Unveiling the impact of organic cation passivation on structural and optoelectronic properties of two-dimensional perovskites thin films

TL;DR

This study uses density functional theory to analyze how 17 different organic cations influence the structural and optoelectronic properties of two-dimensional perovskite films, identifying three promising passivation agents for practical use.

Contribution

It provides a detailed computational analysis of organic cation effects on 2D perovskite stability and properties, highlighting potential passivation agents for improved material performance.

Findings

Oxygenated groups enhance stability through hydrogen bonding.

Certain cations (FPEA, PEA, BtA) show higher potential for applications.
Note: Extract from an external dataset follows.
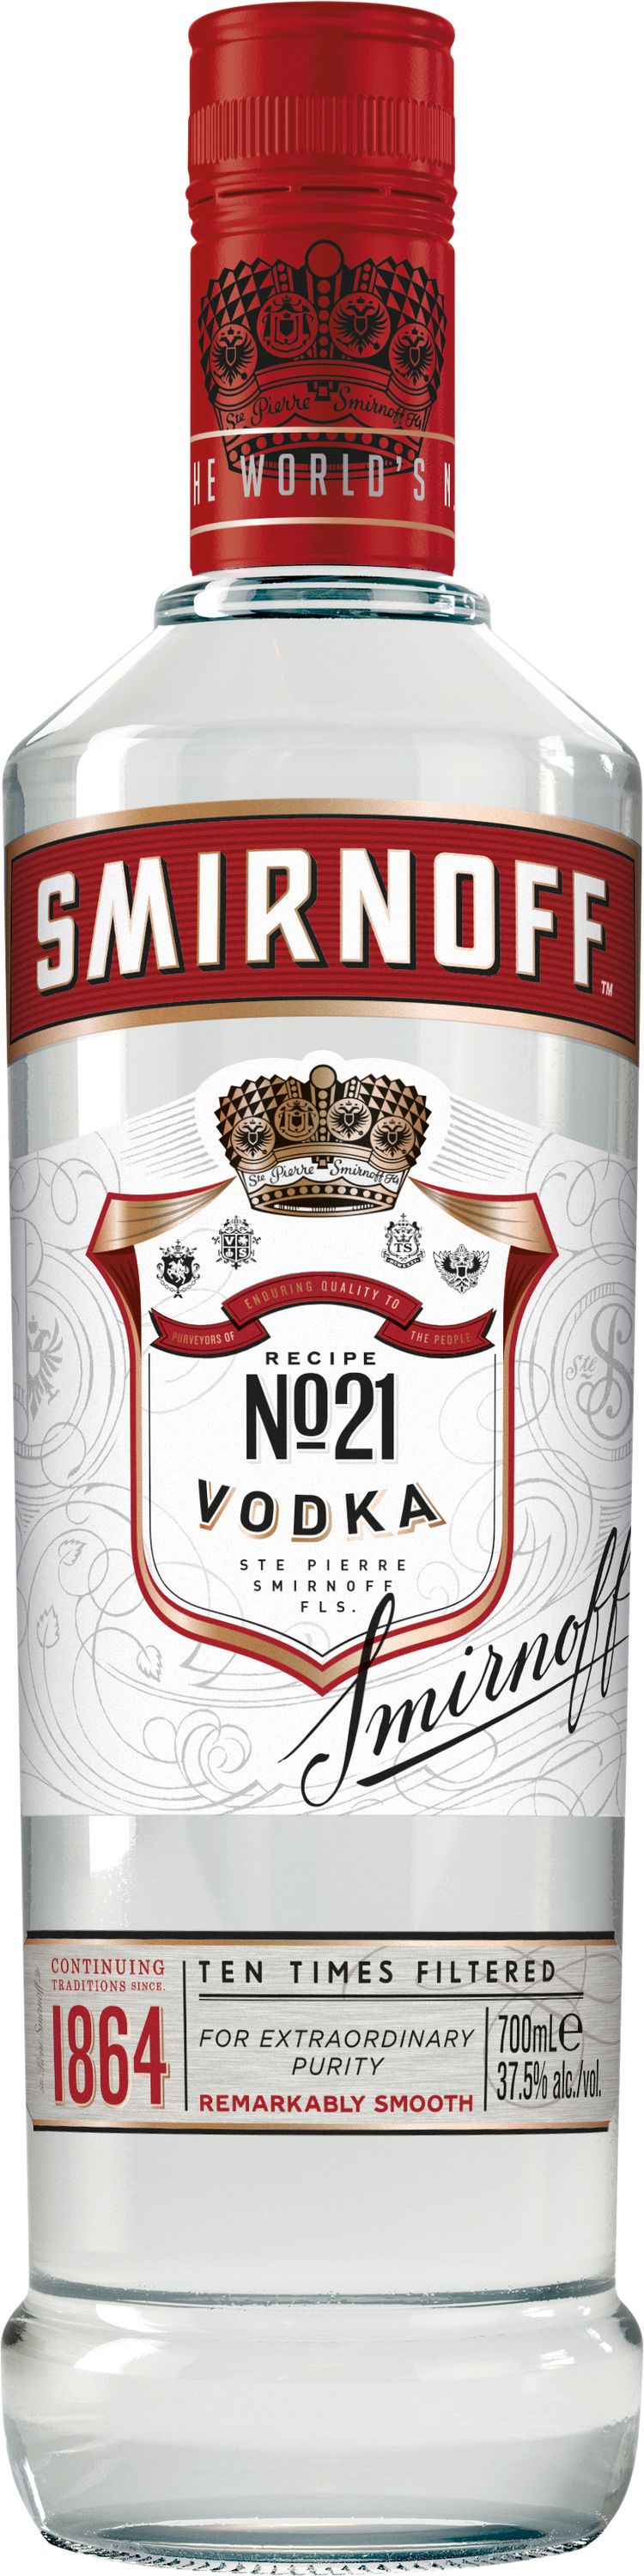 Red 37,5% | Vol. Smirnoff 1000ml Mega-Einkaufsparadies Label Vodka
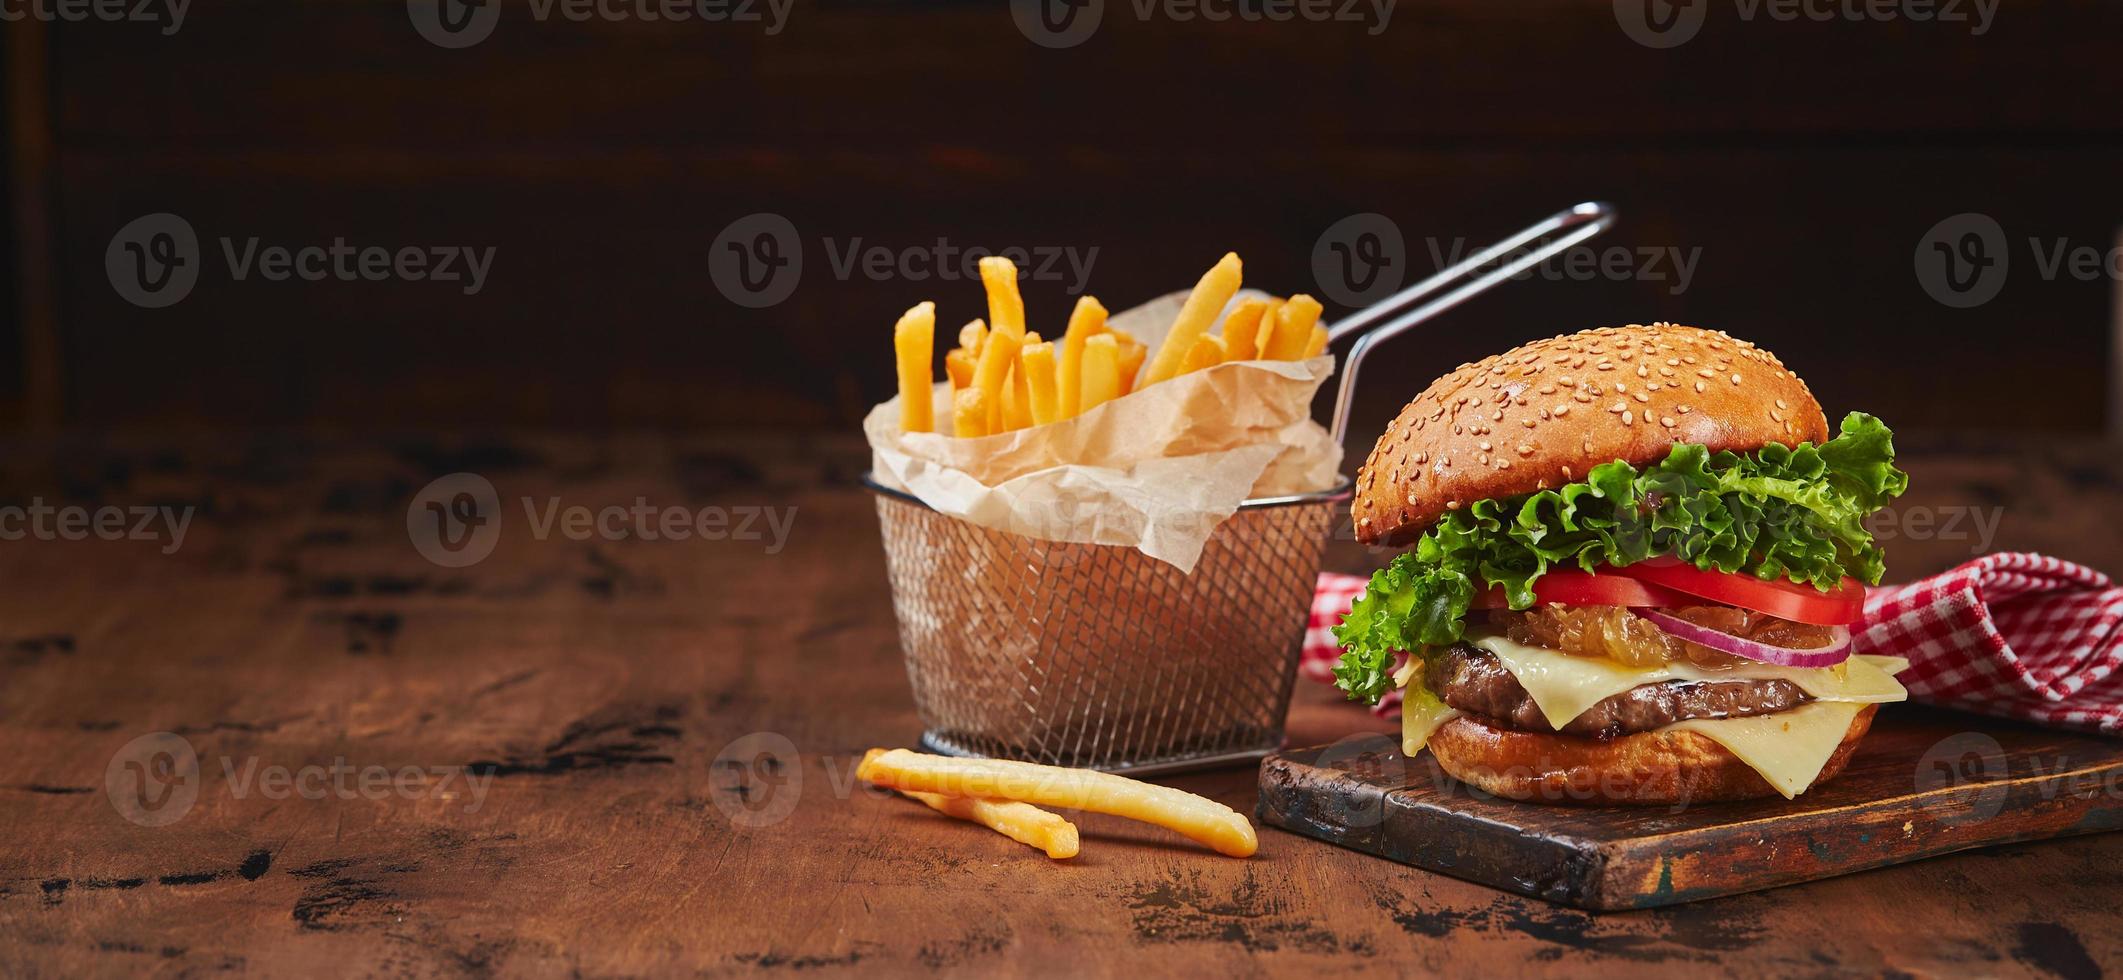 hemlagad burger med nötkött, ost och lök marmelad på en trä- styrelse, frites i en metall korg. snabb mat begrepp, amerikan mat foto

Interactions affect bond lengths, angles, and electron density distribution.

Abstract

Several organic cations have been used to passivate perovskite films; however, selecting the optimal cation remains challenging. In this work, we carried out density functional theory calculations to understand the effects induced by 17 different organic cations on the passivation (P-cations) of thin two-dimensional P2MAn-1PbnI3n+1 perovskites films, where n = 1 and 2. We found that the interactions between different types of P-cations and the inorganic slab affect the length and angles of the bonds within the inorganic framework (PbI6-octahedra). In general, the binding mechanism includes the interactions of organic cations with the inorganic framework, which leads to the accumulation of electron density within the halides, indicative of Bronsted--Lowry acid-base interactions. Oxygenated groups facilitate additional H-bond formation through -OH and -COOH groups, promoting the localization of the electron density between layers and improving the energetic stability of the system. Based on the results and analysis, we found that three P-cations might have higher potential for real-life applications, namely 4-fluorophenylethylammonium (FPEA), phenylethylammonium (PEA) and butylammonium (BtA).